### Work order:
Here are some records. Print all of them exactly.

:: Supplied data

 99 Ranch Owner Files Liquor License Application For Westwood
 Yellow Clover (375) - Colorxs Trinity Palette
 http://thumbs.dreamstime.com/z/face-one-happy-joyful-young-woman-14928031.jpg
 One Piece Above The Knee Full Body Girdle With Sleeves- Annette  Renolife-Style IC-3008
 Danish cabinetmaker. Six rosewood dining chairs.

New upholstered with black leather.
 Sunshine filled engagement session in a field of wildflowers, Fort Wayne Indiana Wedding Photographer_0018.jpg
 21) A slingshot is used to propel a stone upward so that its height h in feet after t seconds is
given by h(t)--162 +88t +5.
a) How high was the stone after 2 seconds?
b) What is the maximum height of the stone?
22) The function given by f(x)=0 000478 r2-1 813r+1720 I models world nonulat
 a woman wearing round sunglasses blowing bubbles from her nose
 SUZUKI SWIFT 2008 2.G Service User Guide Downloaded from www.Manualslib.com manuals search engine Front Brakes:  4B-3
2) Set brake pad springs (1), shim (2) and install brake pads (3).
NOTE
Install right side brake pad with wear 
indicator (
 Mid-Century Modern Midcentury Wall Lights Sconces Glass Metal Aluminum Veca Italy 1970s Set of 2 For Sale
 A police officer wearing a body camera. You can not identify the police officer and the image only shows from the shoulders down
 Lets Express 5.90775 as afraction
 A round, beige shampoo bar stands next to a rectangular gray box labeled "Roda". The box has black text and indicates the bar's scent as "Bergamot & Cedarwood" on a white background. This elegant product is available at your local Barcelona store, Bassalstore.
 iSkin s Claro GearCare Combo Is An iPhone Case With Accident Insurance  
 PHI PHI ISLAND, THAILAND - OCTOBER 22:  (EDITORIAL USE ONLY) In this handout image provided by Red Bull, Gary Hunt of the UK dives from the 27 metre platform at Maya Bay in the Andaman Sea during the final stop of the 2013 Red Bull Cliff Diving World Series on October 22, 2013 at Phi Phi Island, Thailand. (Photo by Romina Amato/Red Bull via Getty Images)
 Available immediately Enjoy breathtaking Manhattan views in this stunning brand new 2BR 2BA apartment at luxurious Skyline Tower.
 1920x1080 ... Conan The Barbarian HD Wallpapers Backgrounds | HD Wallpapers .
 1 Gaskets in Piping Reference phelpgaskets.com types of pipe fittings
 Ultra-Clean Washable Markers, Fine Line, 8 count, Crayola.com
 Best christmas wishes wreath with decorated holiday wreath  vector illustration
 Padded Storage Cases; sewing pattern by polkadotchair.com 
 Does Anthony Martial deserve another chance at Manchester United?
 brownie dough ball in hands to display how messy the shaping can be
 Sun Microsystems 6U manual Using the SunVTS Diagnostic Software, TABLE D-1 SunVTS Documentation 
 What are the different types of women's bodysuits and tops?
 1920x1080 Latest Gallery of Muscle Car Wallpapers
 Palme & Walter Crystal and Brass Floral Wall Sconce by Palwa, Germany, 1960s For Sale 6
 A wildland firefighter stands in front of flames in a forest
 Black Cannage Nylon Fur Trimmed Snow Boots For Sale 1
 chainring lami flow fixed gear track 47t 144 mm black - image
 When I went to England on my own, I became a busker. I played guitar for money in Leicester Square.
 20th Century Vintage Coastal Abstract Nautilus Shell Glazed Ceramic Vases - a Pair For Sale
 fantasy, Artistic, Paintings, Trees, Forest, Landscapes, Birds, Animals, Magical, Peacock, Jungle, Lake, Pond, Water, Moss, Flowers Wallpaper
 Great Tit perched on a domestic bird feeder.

::::

### Exercise response:
 99 Ranch Owner Files Liquor License Application For Westwood
 Yellow Clover (375) - Colorxs Trinity Palette
 http://thumbs.dreamstime.com/z/face-one-happy-joyful-young-woman-14928031.jpg
 One Piece Above The Knee Full Body Girdle With Sleeves- Annette  Renolife-Style IC-3008
 Danish cabinetmaker. Six rosewood dining chairs.

New upholstered with black leather.
 Sunshine filled engagement session in a field of wildflowers, Fort Wayne Indiana Wedding Photographer_0018.jpg
 21) A slingshot is used to propel a stone upward so that its height h in feet after t seconds is
given by h(t)--162 +88t +5.
a) How high was the stone after 2 seconds?
b) What is the maximum height of the stone?
22) The function given by f(x)=0 000478 r2-1 813r+1720 I models world nonulat
 a woman wearing round sunglasses blowing bubbles from her nose
 SUZUKI SWIFT 2008 2.G Service User Guide Downloaded from www.Manualslib.com manuals search engine Front Brakes:  4B-3
2) Set brake pad springs (1), shim (2) and install brake pads (3).
NOTE
Install right side brake pad with wear 
indicator (
 Mid-Century Modern Midcentury Wall Lights Sconces Glass Metal Aluminum Veca Italy 1970s Set of 2 For Sale
 A police officer wearing a body camera. You can not identify the police officer and the image only shows from the shoulders down
 Lets Express 5.90775 as afraction
 A round, beige shampoo bar stands next to a rectangular gray box labeled "Roda". The box has black text and indicates the bar's scent as "Bergamot & Cedarwood" on a white background. This elegant product is available at your local Barcelona store, Bassalstore.
 iSkin s Claro GearCare Combo Is An iPhone Case With Accident Insurance  
 PHI PHI ISLAND, THAILAND - OCTOBER 22:  (EDITORIAL USE ONLY) In this handout image provided by Red Bull, Gary Hunt of the UK dives from the 27 metre platform at Maya Bay in the Andaman Sea during the final stop of the 2013 Red Bull Cliff Diving World Series on October 22, 2013 at Phi Phi Island, Thailand. (Photo by Romina Amato/Red Bull via Getty Images)
 Available immediately Enjoy breathtaking Manhattan views in this stunning brand new 2BR 2BA apartment at luxurious Skyline Tower.
 1920x1080 ... Conan The Barbarian HD Wallpapers Backgrounds | HD Wallpapers .
 1 Gaskets in Piping Reference phelpgaskets.com types of pipe fittings
 Ultra-Clean Washable Markers, Fine Line, 8 count, Crayola.com
 Best christmas wishes wreath with decorated holiday wreath  vector illustration
 Padded Storage Cases; sewing pattern by polkadotchair.com 
 Does Anthony Martial deserve another chance at Manchester United?
 brownie dough ball in hands to display how messy the shaping can be
 Sun Microsystems 6U manual Using the SunVTS Diagnostic Software, TABLE D-1 SunVTS Documentation 
 What are the different types of women's bodysuits and tops?
 1920x1080 Latest Gallery of Muscle Car Wallpapers
 Palme & Walter Crystal and Brass Floral Wall Sconce by Palwa, Germany, 1960s For Sale 6
 A wildland firefighter stands in front of flames in a forest
 Black Cannage Nylon Fur Trimmed Snow Boots For Sale 1
 chainring lami flow fixed gear track 47t 144 mm black - image
 When I went to England on my own, I became a busker. I played guitar for money in Leicester Square.
 20th Century Vintage Coastal Abstract Nautilus Shell Glazed Ceramic Vases - a Pair For Sale
 fantasy, Artistic, Paintings, Trees, Forest, Landscapes, Birds, Animals, Magical, Peacock, Jungle, Lake, Pond, Water, Moss, Flowers Wallpaper
 Great Tit perched on a domestic bird feeder.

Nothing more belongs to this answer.